Vizinhos podem representar o suporte social mais importante para idosos que moram em condomínios?

O filme “Um Homem Chamado Ove” (Suécia, 2015) apresenta um morador com 59 anos, recém demissionário do emprego, mau humorado e controlador de regras no condomínio em que morava. Decide tirar a própria vida, mas a presença constante de vizinhos o obriga a uma interação a princípio não desejada mas que, com o tempo, preenche sua solidão causada pela viuvez. Apesar de grosseiro, as pessoas o compreendem porque conheciam a esposa falecida, e sabiam o quanto ambos eram bons e solidários. Assim, ele é solicitado a ensinar à nova vizinha grávida a dirigir, a ajudar com as crianças, a acolher um jovem rejeitado pelo pai por ser gay, a adotar um gato machucado e a impedir que outro vizinho que sofreu um AVC seja levado à força para um asilo, o que o tornou uma referencia importante, especialmente por zelar pela manutenção da ordem no condomínio.
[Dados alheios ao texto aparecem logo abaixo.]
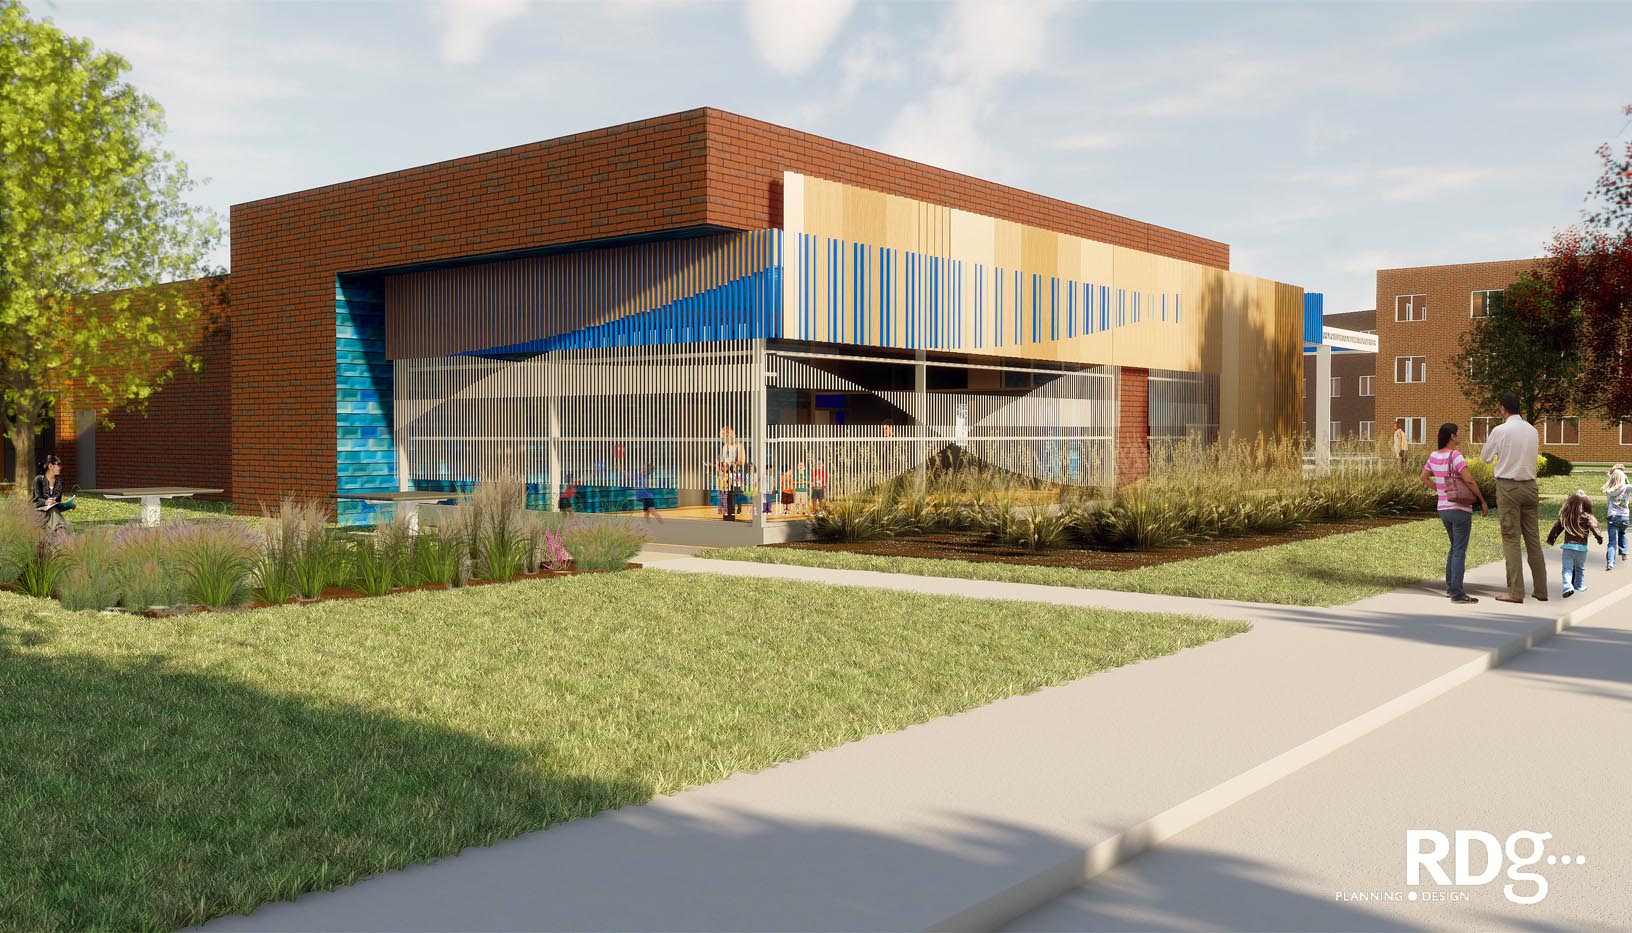 The LaVonne Kopecky Plambeck Early Childhood Education Center at the University of Nebraska at Kearney is the first academic footprint on UNK’s University Village development. It will become a model for early childhood education, early childhood educator preparation and research.

Desde cedo, ouvia de meu pai que “vizinhos são mais importantes que parentes”, pois a simples proximidade física acaba por justificar que haja apoio mútuo, em quaisquer circunstâncias. Mais ainda, a solidão é uma das queixas mais frequentes de idosos que moram sós ou com familiares que trabalham o dia todo, sendo a convivência no edifício e no bairro um modo de superá-la. Alguns países, como a Inglaterra, implementaram políticas públicas que incentivam a que vizinhos se visitem para prevenir problemas mais graves decorrentes da falta de relacionamento social. Em São Paulo há o PAI – Programa de Acompanhante do Idoso, política pública do governo municipal que segue diretrizes tais como assegurar o acesso do idoso frágil aos recursos da comunidade, propiciar sua participação social, respeitar seu espaço de moradia e incentivar a autonomia e a independência, entre outras. Muitas vezes o que falta é a simples atenção, o interesse em ouvir e o acolhimento em momentos de fragilidade emocional: um “beijinho na testa” pode ser o melhor remédio para as dores da alma.

Idosos que moram em condomínios geralmente podem contar com vizinhos, pois criam um relacionamento a partir de encontros acidentais nas áreas comuns e, principalmente, quando atuam diretamente nas decisões de manutenção e melhorias. E quando há porteiros e zelador, intermediários entre a área pública e a privada, aumenta ainda mais a conexão que se estabelece ao se considerar que a convivência positiva é importante para o bem-estar de todos. Muitos idosos sentem-se invisíveis quanto às suas necessidades, e a proximidade de vizinhos e colaboradores de condomínios acaba sendo um meio de comunicação eficiente até para familiares ausentes por compromissos profissionais ou, mesmo, por negligência.

A decisão de morar só ou com familiares vai depender da autonomia do idoso que, mesmo sem fragilidades, pode preferir uma moradia coletiva com assistência, garantindo inclusive a escuta constante e imediata. Mas vizinhos são componentes importantes no suporte social, de modo a garantir o apoio em momentos de necessidade.